Adding CO2 to Lower pH
pH 7.0
CO2(aq) 17.3369 ppm
H2CO3 0.0267 ppm
HCO3- 99.8518 ppm
CO32- 0.07190 ppm
OH- 0.0088 ppm (not exactly same as H+ due to temperature)
H+ 0.0055 ppm
Total Alkalinity (TA) = 99.8518 + 2* 0.0719 + 0.0088 - 0.0055 = 99.9989 (same as before, ignoring rounding error since molar concentrations had 5 significant digits)
Total Carbonate = 17.3369 + 0.0267 + 99.8518 + 0.07190 = 117.2873 ppm

Adding Muriatic Acid to Lower pH
pH 7.0
CO2(aq) 15.5676 ppm
H2CO3 0.0240 ppm
HCO3- 89.5679 ppm
CO32- 0.0643 ppm
OH- 0.0088 ppm
H+ 0.0055 ppm
Total Alkalinity (TA) = 89.5679 + 2*0.0643 + 0.0088 - 0.0055 = 89.6998 ppm
Total Carbonate = 15.5676 +.0240 + 89.5679 + 0.0643 = 105.2238 (same as before, ignoring rounding error)

So you can see from the above that what happens when carbon dioxide is added to the water is that it mostly stays in the water as aqueous carbon dioxide (dissolved gas) and a very small amount of it directly lowers the pH and this causes some of the carbonate to shift towards bicarbonate. Overall, the TA does not change. Essentially, carbon dioxide addition has two effects that cancel each other out -- 1) it increases carbonates which if the pH didn't change would increase TA (just as adding baking soda increases TA with little change in pH) and 2) it lowers pH which also lowers the TA (just as a strong acid does). These two effects cancel each other out.

When a strong acid is added, both the pH and the TA get lowered because you get a shift from bicarbonate ion to dissolved (aqueous) carbon dioxide. That is, a strong acid just shifts equilibrium and this not only lowers the pH but also lowers the TA. When you add a weak acid, such as carbonic acid from carbon dioxide, the lowering of the TA from the lower pH cancels out the increase in TA from the increased total carbonate.

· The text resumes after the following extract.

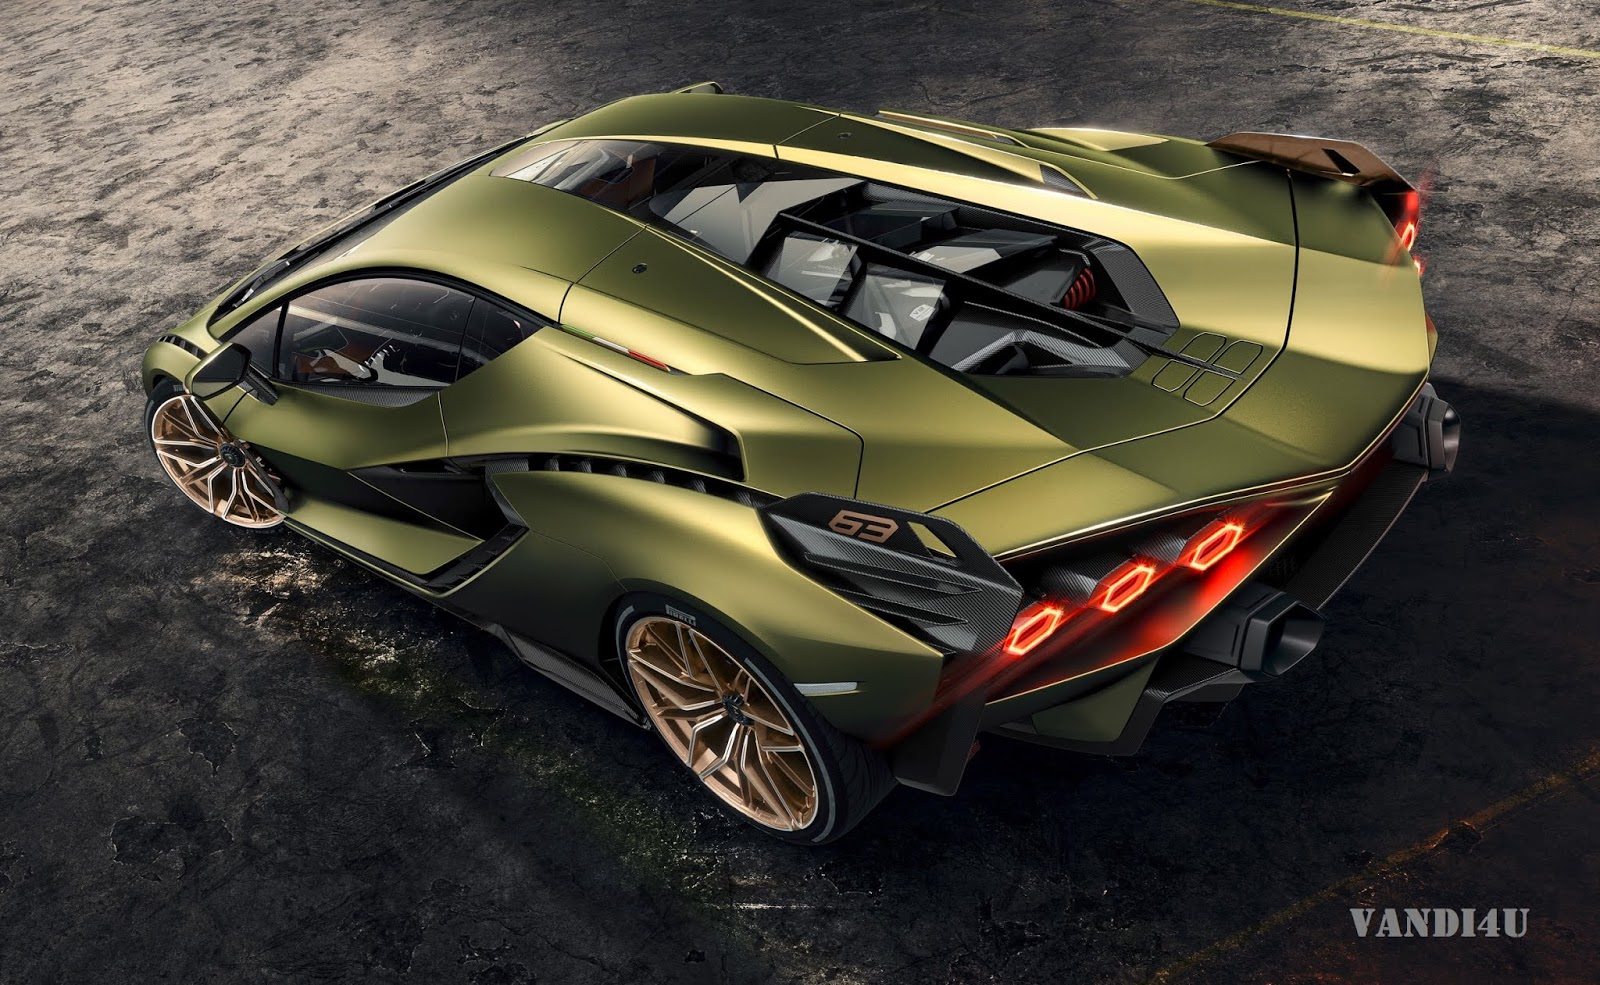 Lamborghini Unviels It's First Hybrid Supercar - Sian |VANDI4U

Conceptually, because the amount of hydrogen ion is so much smaller than the amount of bicarbonate and aqueous carbon dioxide, very little of the added carbonic acid needs to dissociate and the resulting lower pH prevents any further dissociation hence the pH is lowered while the TA is not. With a strong acid, the dissociation is complete so affects the equilibrium reactions so that the TA is lowered along with the pH.

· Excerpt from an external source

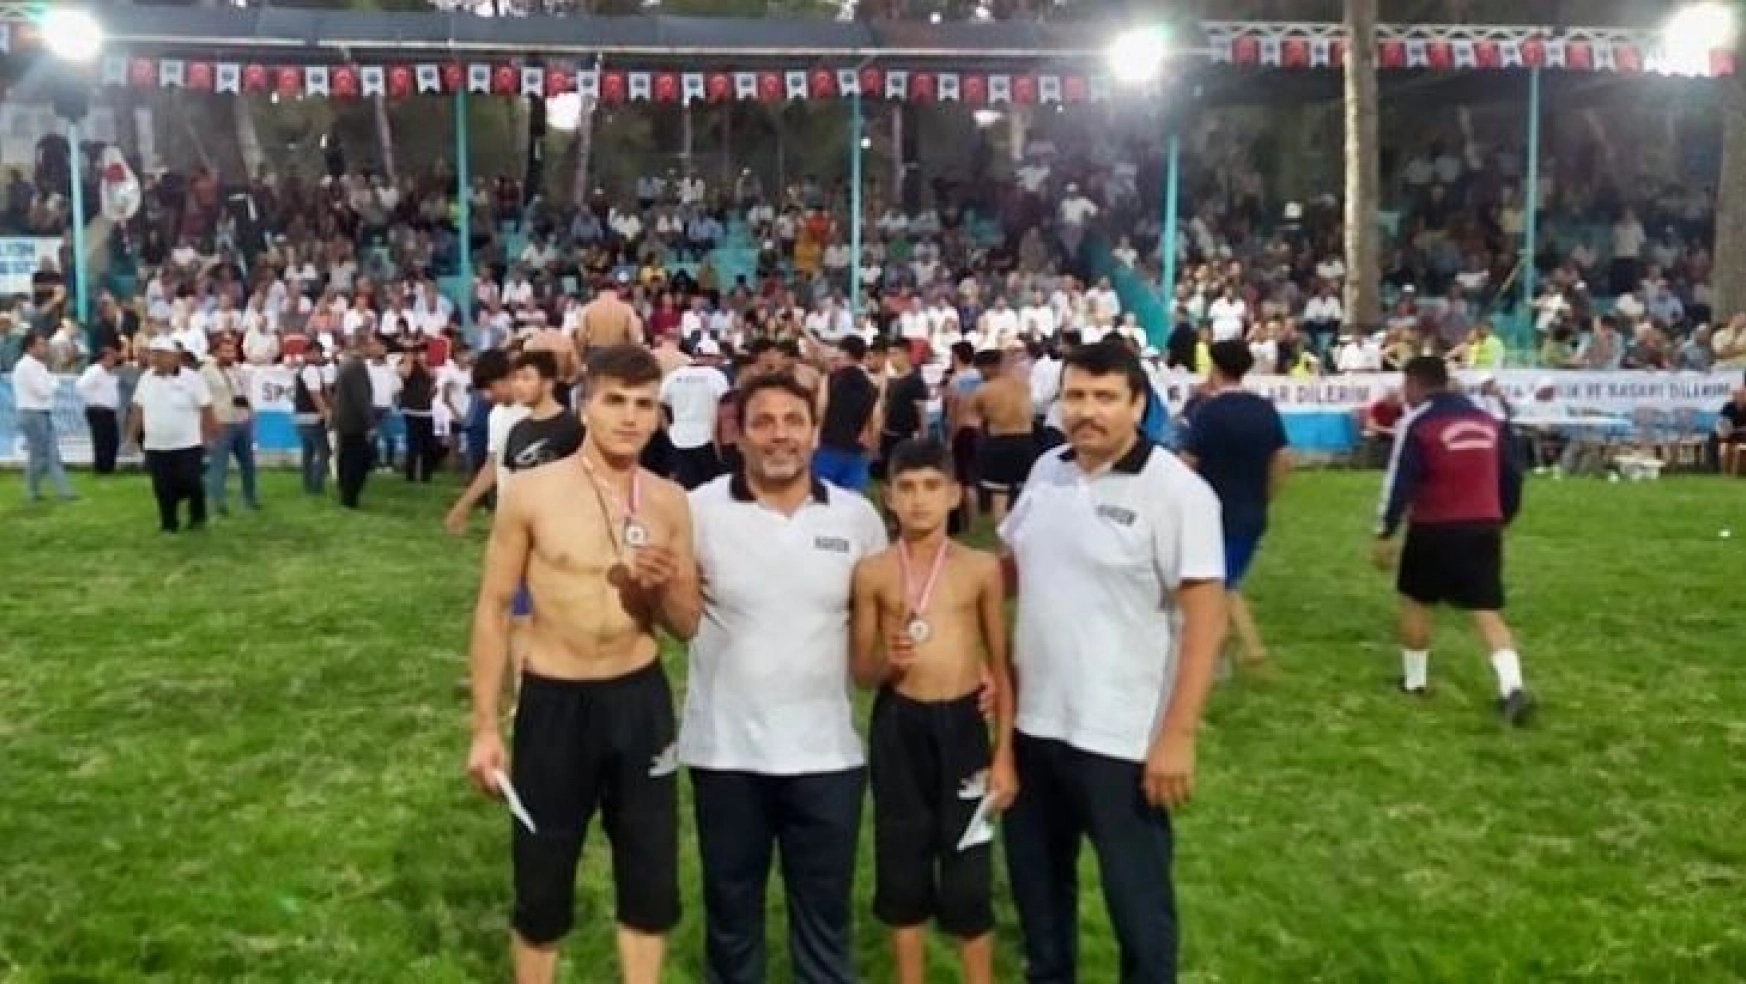 Antakya Belediyesi güreş takımının başarısı

I'm not sure I can think of any other way of phrasing what is going on.

Richard

Richard,

Phewwww I'm an electrical Engineer not a chemist, but you certainly convinced me that you know what you are talking about. I know enough about my pool water chemistry to keep my SI in good shape and that's it!

For a novice like me, can you tell me if I should get a CO2 system or not?. It seems that you are saying that the CO2 will not raise TA.

I read in one of the reports that were linked further down in the discussion that you end up adding as much acid to keep TA in check as you would to keep Ph down. I have no problem with slugging acid once a month to get my TA down, but I want to stop this daily pilgrimage of dumping 7fl oz of acid (diluted) into my 10K pool every morning.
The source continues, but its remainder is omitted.